Последние слова мисс Холкомб, словно пуля, пронзили мое сердце. Рука моя не чувствовала руки, сжимавшей ее. Я не сделал ни одного движения, не произнес ни одного слова. Резкий осенний ветер, разметавший у наших ног опавшую листву, вдруг обдал меня холодом, словно мои безумные надежды тоже были мертвыми листьями, подхваченными очередным его порывом. Надежды! Помолвлена или нет, Лора все равно была недосягаема для меня. Вспомнили бы об этом другие на моем месте? Нет, если бы они любили так, как любил я.
Острая боль прошла, на смену ей пришла тупая сковывающая боль. Я снова почувствовал руку мисс Холкомб, крепко сжимавшую мою руку; я поднял голову и взглянул на нее. Ее большие карие глаза были устремлены на меня, наблюдая за моей все усиливавшейся бледностью, которую я чувствовал, а она видела.
– Покончите с этим! – сказала мисс Холкомб. – Здесь, где вы впервые увидели ее, покончите с этим! Не поддавайтесь отчаянию, словно женщина. Вырвите его из сердца, растопчите, как подобает мужчине!

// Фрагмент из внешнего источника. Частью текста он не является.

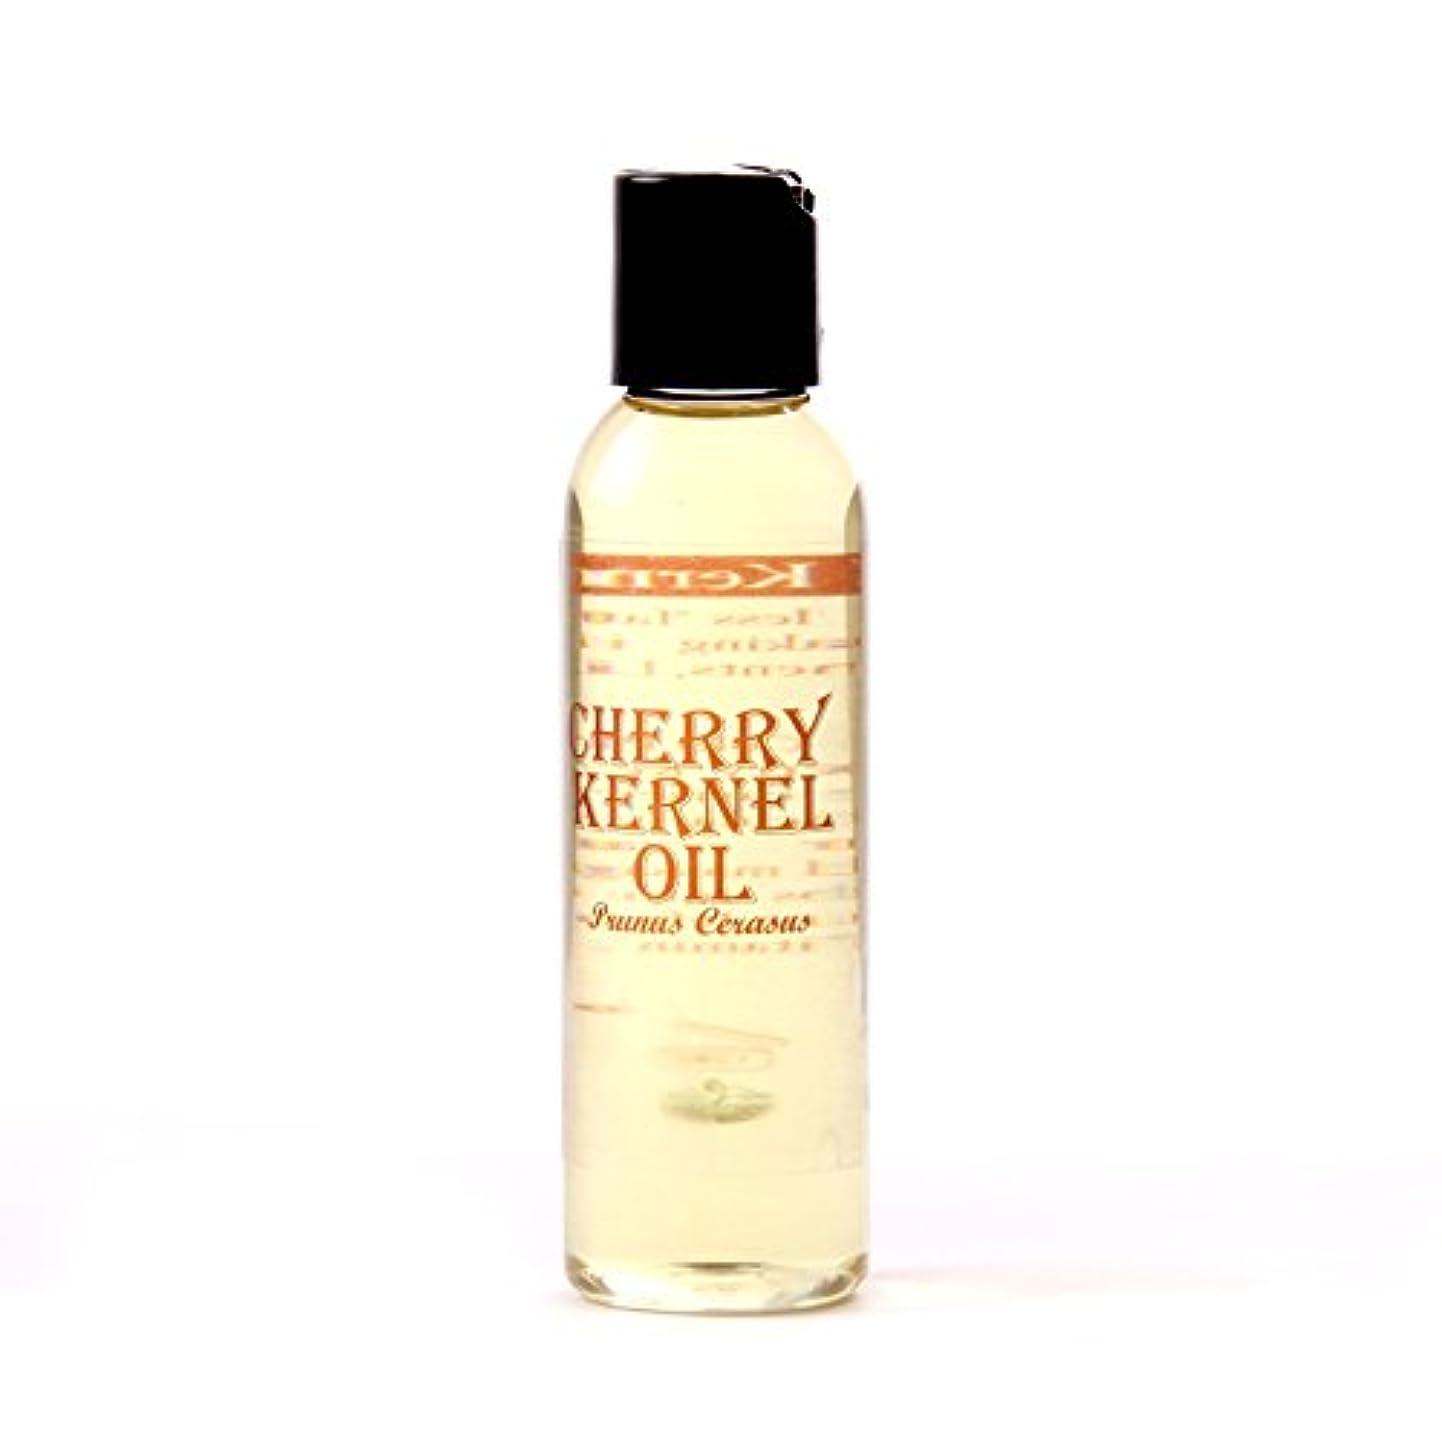 リネンアクチュエータ貯水池Mystic Moments | Cherry Kernel Carrier Oil - 125ml - 100% Pure

Сдержанная страстность, звучавшая в ее словах, сила ее воли, сконцентрированная в устремленном на меня взоре, в ее пожатии – она не выпустила моей руки, – передались мне, укрепили меня. С минуту мы сидели в молчании. И вскоре я мог оправдать ее веру в мое мужество: я, по крайней мере внешне, овладел собой.
– Вы пришли в себя?
– Настолько, мисс Холкомб, чтобы попросить прощения у нее и у вас; настолько, чтобы последовать вашему совету и доказать вам мою признательность хотя бы таким образом, если я не могу доказать ее иначе.
– Вы уже доказали ее своими словами. Мистер Хартрайт, нам больше нечего скрывать друг от друга. Я не утаю от вас, что моя сестра, вполне неосознанно впрочем, выдала себя. Вы должны покинуть нас ради нее, но и ради себя тоже. Ваше присутствие здесь, ваша неизбежная близость с нами – вполне невинная, видит Бог, во всех отношениях – истерзали ее, сделали несчастной. Я, которая любит ее больше собственной жизни, я, научившаяся верить в это чистое, благородное, невинное существо, как я верю в Бога, слишком хорошо знаю, что она жестоко страдает от тайных угрызений совести с тех самых пор, как, вопреки ей самой, первая тень неверности по отношению к предстоящему браку закралась в ее сердце. Я не говорю – было бы бесполезно говорить об этом после случившегося, – что помолвка когда-либо сильно затрагивала ее чувства. Эта помолвка – дело чести, а не любви; отец Лоры благословил ее на этот брак перед своей смертью, два года тому назад. Лора не обрадовалась, но и не уклонялась от помолвки – она просто дала свое согласие. До вашего приезда она находилась в таком же положении, что и сотни других женщин, которые выходят замуж, не испытывая ни глубокой привязанности к будущему супругу, ни глубокого отвращения, вызванного им, и которые учатся любить своих мужей (если только они не учатся ненавидеть их!) уже после брака, а не до него. Не могу выразить, как глубоко я надеюсь, – и вы должны так же мужественно и самоотверженно надеяться, – что эти новые мысли и чувства, нарушившие ее прежние спокойствие и безмятежность, еще не укоренились настолько, чтобы их нельзя было вырвать. Ваше отсутствие – если бы я меньше верила в вашу честь, в ваше мужество, в ваш здравый смысл, я бы не положилась на вас, как полагаюсь теперь, – ваше отсутствие поможет моим стараниям, а время поможет нам троим. Отрадно знать, что я не ошиблась, почувствовав к вам с самого начала доверие. Отрадно знать, что вы будете таким же честным, таким же благородным, таким же великодушным к своей ученице, в отношении которой вы имели несчастье забыться, каким вы были к той незнакомой и отверженной женщине, чей призыв о помощи был услышан вами.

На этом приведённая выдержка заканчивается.